# AD22VF , NX , NX2000 , brakes , pics



## PatScottAKA99XE (Apr 30, 2002)

Pics of AD22VF brake parts:

Caliper with out mounting bracket/torque arm(Notice the AD22VF stamp. Must have this!!!):









Caliper bracket/torque arm:









Caliper and bracket together:









[ NX NX2000 NX2K big brakes ad22vf ad22 ]


----------



## sethwas (Apr 30, 2002)

This is a very smart thread.

Seth

P.S. So clean, what color are you gonna paint em?


----------



## onyxeros (Jul 26, 2002)

be sure to put part numbers in a sticky so those can follow in your footsteps

O


----------



## PatScottAKA99XE (Apr 30, 2002)

Im gonna paint them black.

Ill get some part #s tommorow.


----------



## 98sr20ve (Oct 6, 2002)

I have decided that any color other then rust is "rice". Of course I recently painted mine black to join the rice movement.


----------



## PatScottAKA99XE (Apr 30, 2002)




----------



## 98sr20ve (Oct 6, 2002)

It was a joke. Sorry. It just seems that everyone calls every color rice at some point. Your car is clearly not rice.


----------



## bahearn (Jul 15, 2002)

> be sure to put part numbers in a sticky so those can follow in your footsteps


Can be found by searching on "AD22".


----------



## PatScottAKA99XE (Apr 30, 2002)

98sr20ve said:


> *It was a joke. Sorry. It just seems that everyone calls every color rice at some point. Your car is clearly not rice. *


My frown was because of you joining the rice movement. LOL j/k


----------



## nismo13GTiR (May 27, 2002)

Does anybody have pics of the non-AD22VF brakes? Or can you tell by looking at them the difference? Also how can you tell if it has ABS or not and is the kinda I want with the ABS or without?? I need some help. Thanks.


----------



## sethwas (Apr 30, 2002)

I'm going to answer this before some of the members find out where you live and beat you.

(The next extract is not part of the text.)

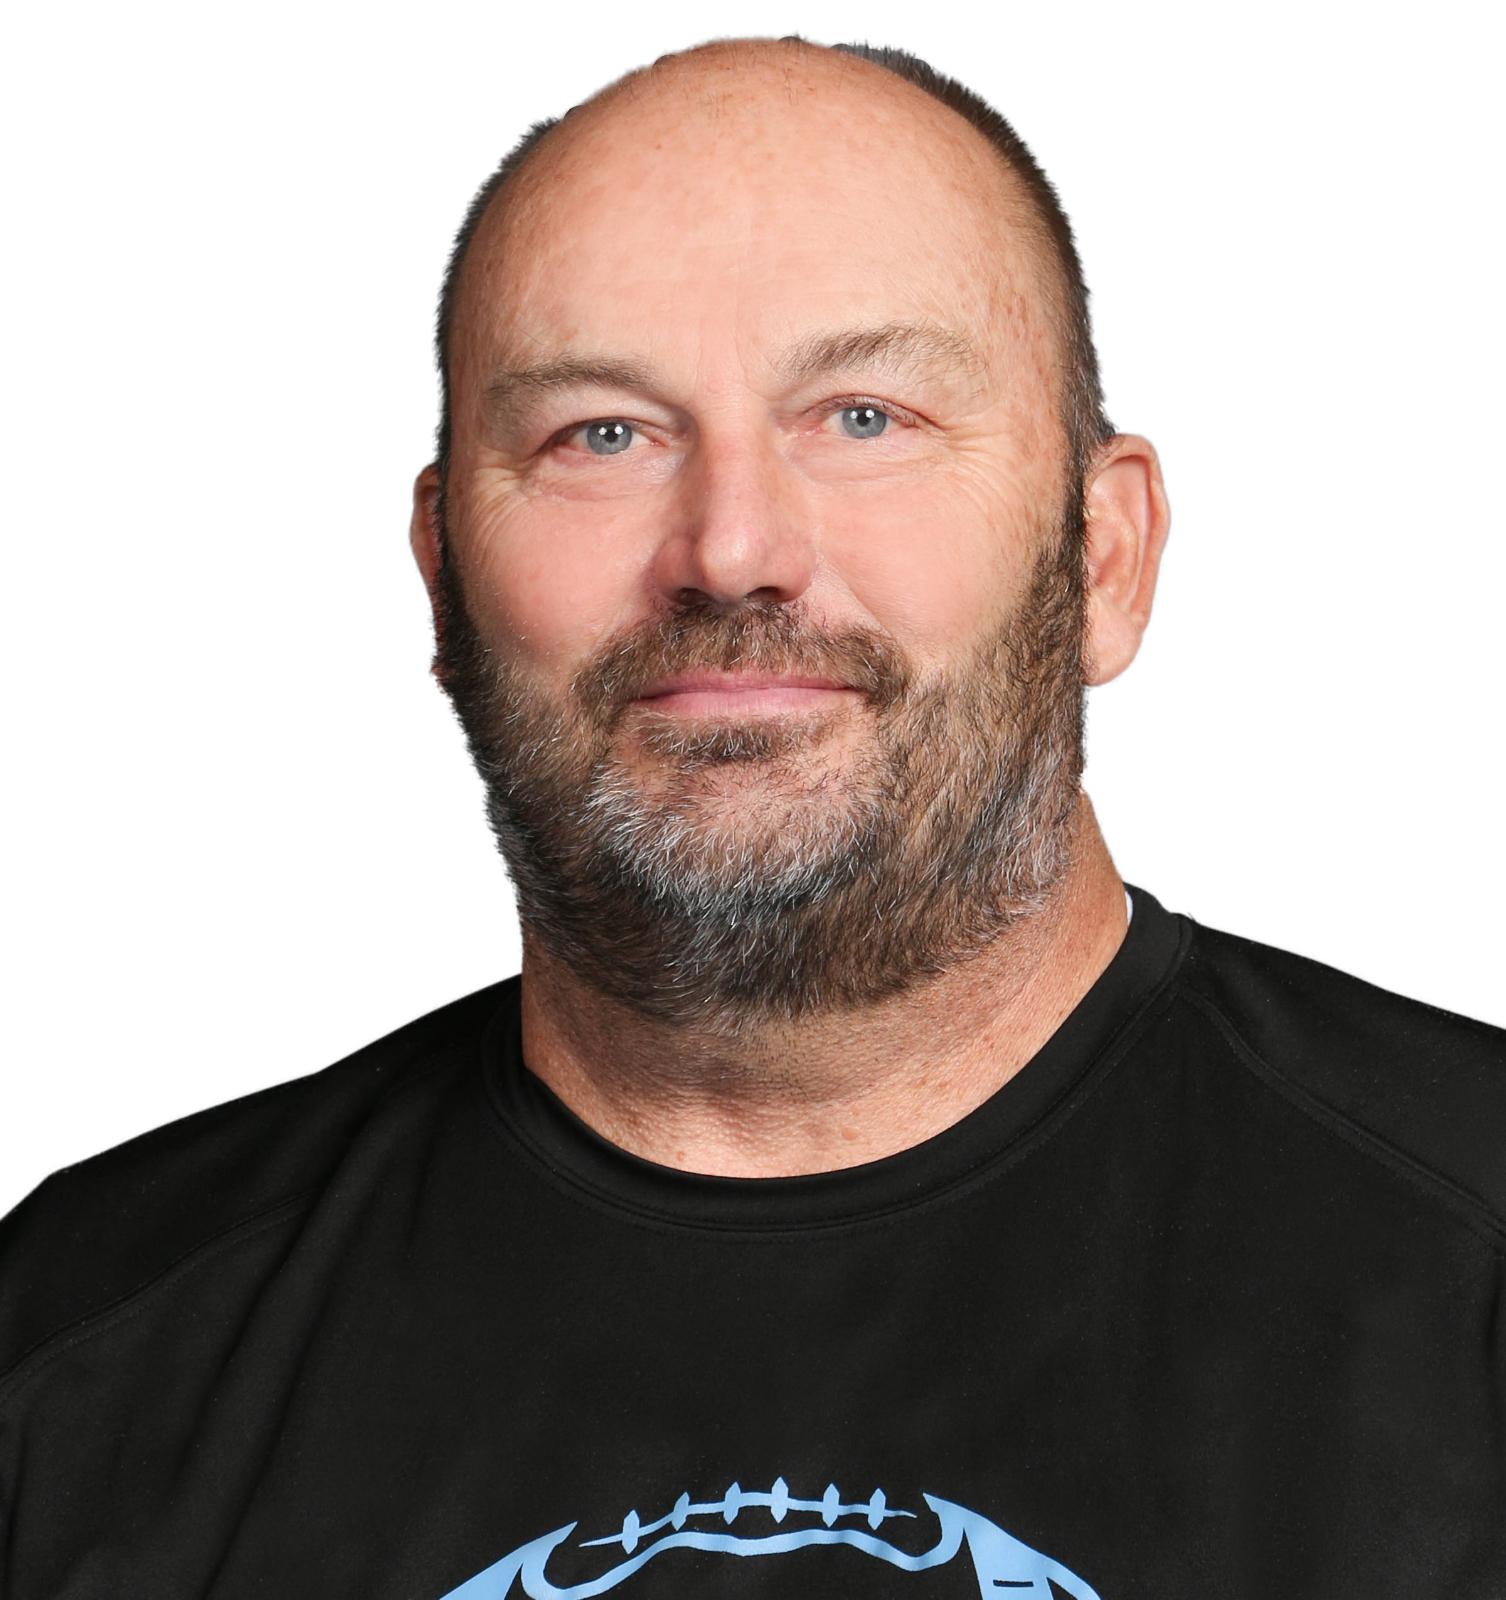 West Jordan High School welcomes new football coach.

In reality there is nothing to worry about with the brakes. Get them from a dealer and your fine.
From a yard, thats a different story.
Stick to 1993 as your NX2000 year. They came on the 2.0L car and must have ABS. What you have on your car is irrelevant.
THats it.
Search for AD22VF and member name <<< me. I've only brought it up about 100 times. Today or tomorrow mine should come in. I hope they are the right ones (meaning that the junk yard didn't screw up, which they have done before).

Seth


----------



## PatScottAKA99XE (Apr 30, 2002)

Hmm, I wonder where he lives


----------



## 98_1LE (Mar 30, 2003)

I have seen those brakes before, but mine are not as clean. Nice. I do wish the caliper was aluminum. That is a lot of unsprung weight out on the end.


----------